Assuming I go for the vip622, with the lowest level HD package, what am I looking at per month?

Here's what I understand the charges to be. Is this correct?

$299 on time fee

HD Bronze $49.99
Locals OTA no charge

Is that correct? Are there other hidden charges not obvious on their site?

Could I get the vip622 for $299 and stick with the $29.99 Top 60 plan and only get HD OTA? 
Would that be $29.99+$6 HD fee = $36?


----------



## Mike Johnson (Jan 16, 2005)

There are a few more "fees". Here's a quick summary:

$299.00 One time upgrade fee
$49.99 HD Bronze package
$6.00 Equipment Rental fee for 622
$5.98 DVR Fee
$5.00 2nd receiver fee if no phone line connected. 
$5.00 Locals from satellite (optional - but necessary for OTA Guide Data)

Leasing a HD receiver requires a HD programming package.


----------



## Dan The Man (Oct 1, 2005)

Mike Johnson said:


> There are a few more "fees". Here's a quick summary:
> 
> $299.00 One time upgrade fee
> $49.99 HD Bronze package
> ...


Wow! :eek2: So I'm looking at going from $35 to $67 my monthly charge (~$400/year), not to mention $300 up front! That doesn't sound so good. Maybe a HD-PC/DVR with an OTA antenna is a more feasible option.


----------



## kmcnamara (Jan 30, 2004)

You mentioned not subscribing to the locals. Believe me, you'd want the locals since, as Mike mentioned, you likely wouldn't get OTA guide info without it. Which means all OTA DVR recording would have to be manually set with start and stop times. This sucks. Trust me, in the early days of the 921 that's all we had and it basically made OTA recording a bigger hassle than it was worth.


----------



## Dan The Man (Oct 1, 2005)

kmcnamara said:


> You mentioned not subscribing to the locals. Believe me, you'd want the locals since, as Mike mentioned, you likely wouldn't get OTA guide info without it.
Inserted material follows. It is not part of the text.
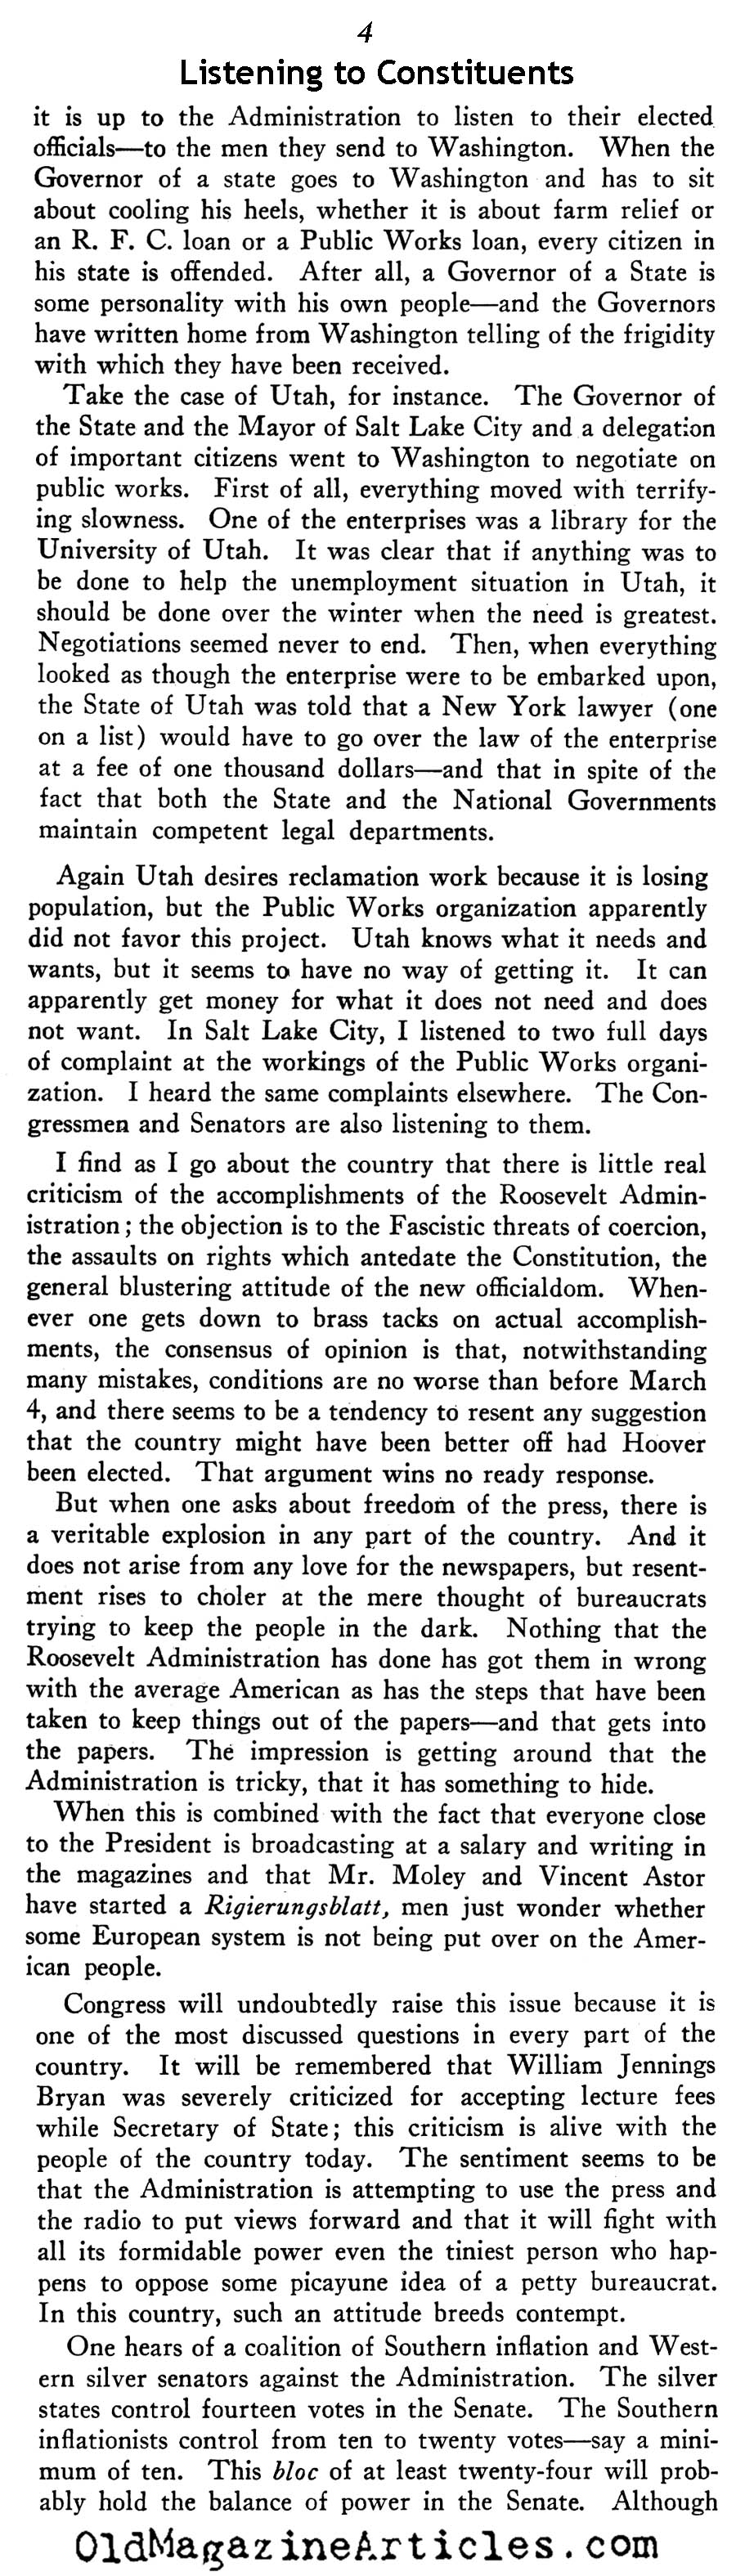 The Unhappy Constituents (New Outlook Magazine, 1933)

Which means all OTA DVR recording would have to be manually set with start and stop times. This sucks. Trust me, in the early days of the 921 that's all we had and it basically made OTA recording a bigger hassle than it was worth.


Yeah....this is not sounding nearly as attractive as it did yesterday. I'm bummed.  Honestly, I only want the networks in HD which according to my friend down the street, I can get OTA, but I refuse to watch live tv.
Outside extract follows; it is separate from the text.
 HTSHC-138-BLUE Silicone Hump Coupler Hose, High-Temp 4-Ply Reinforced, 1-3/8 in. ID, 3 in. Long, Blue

Do I have other options to record OTA HD and not change my Dish subscription?


----------



## TheRatPatrol (Oct 1, 2003)

Dan The Man said:


> Yeah....this is not sounding nearly as attractive as it did yesterday. I'm bummed.  Honestly, I only want the networks in HD which according to my friend down the street, I can get OTA, but I refuse to watch live tv.
> 
> Do I have other options to record OTA HD and not change my Dish subscription?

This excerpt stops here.